AgentSkillsCN

deadfish-verify

验证协议、评分标准、结果判定格式。

SKILL.md
--- frontmatter
name: deadfish-verify
description: Verification protocol, criteria rubric, verdict format.

deadfish-verify — Verification Protocol

Order of Operations

  1. Deterministic gate (verify.sh) — always first
  2. LLM criteria fan-out — only if DET passes
  3. Aggregate (build-verdict.py)

verify.sh

bash
bash bin/verify.sh --project-dir <path> --task-file <task.md>

Checks: tests, linter, diff budget (≤3x ESTIMATED_DIFF), blocked files, secrets, git clean. Output: structured JSON. Exit 0 always (result in JSON pass field).

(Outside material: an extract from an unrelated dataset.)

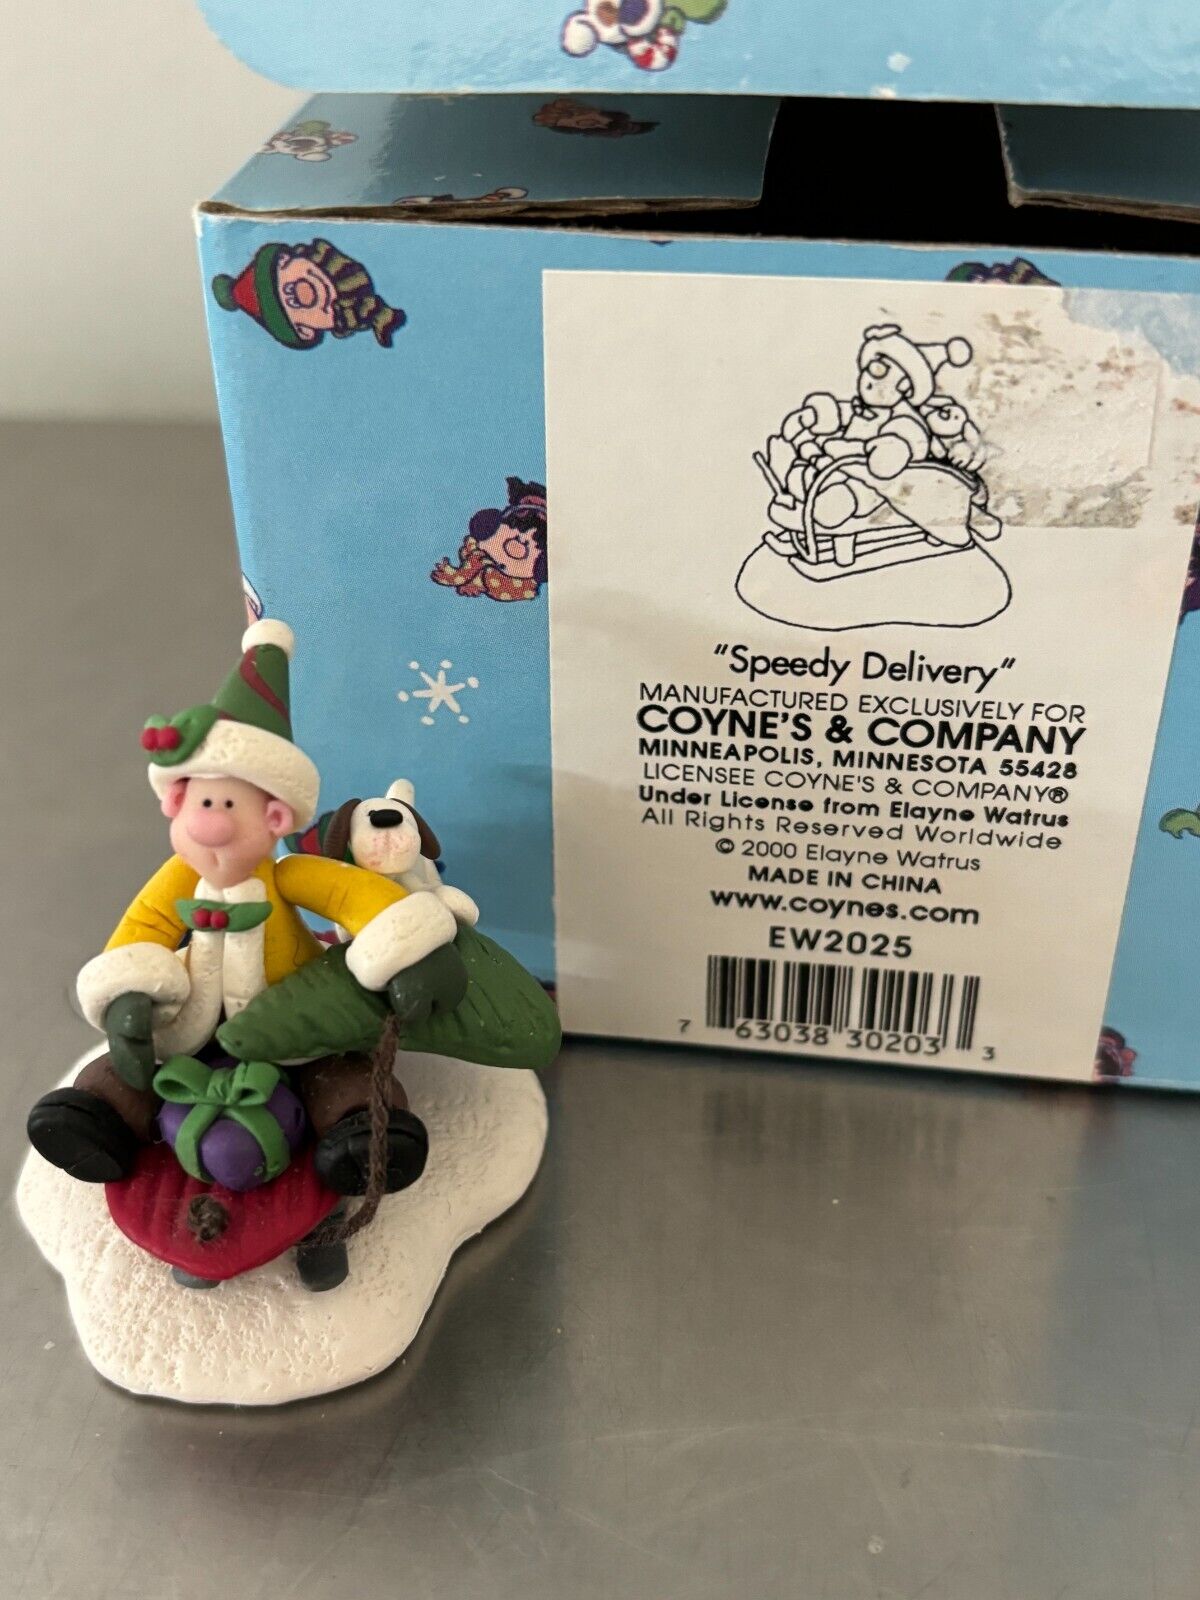 Coynes & Company SPEEDY DELIVERY Little Street Collection Christmas PIN

Criteria Rubric (for LLM-tagged ACs)

Three levels — ALL must pass:

  • EXISTS: Artifact appears in the diff
  • SUBSTANTIVE: Real code, not TODO/stub/placeholder
  • WIRED: Connected into the system (import/export/route/config/DI/CLI)

Bias

False negatives are acceptable. False positives are expensive. If uncertain: FAIL.

Verdict Sentinel

code
```deadfish:VERDICT
scope: TASK
task_id: auth-P1-T02
verify_sh: PASS
criteria:
  - id: AC-01
    status: PASS
    evidence: "src/auth/jwt.ts exports generateToken, imported in src/auth/index.ts"
  - id: AC-03
    status: FAIL
    evidence: "no error handling for expired tokens"
decision: FAIL
fix_forward:
  - "Add try/catch in jwt.ts:generateToken for TokenExpiredError"
```

Build Verdict Aggregation

bash
echo "$verdicts_json" | python3 bin/build-verdict.py

Output: PASS (all YES) | FAIL (any NO) | NEEDS_HUMAN (parse error)

Track-Level QA (P10)

6 categories: C0 Scope, C1 Docs, C2 Consistency, C3 Architecture, C4 Completeness, C5 Safety. Never set C*=FAIL without ≥1 MAJOR+ finding (R2 rule).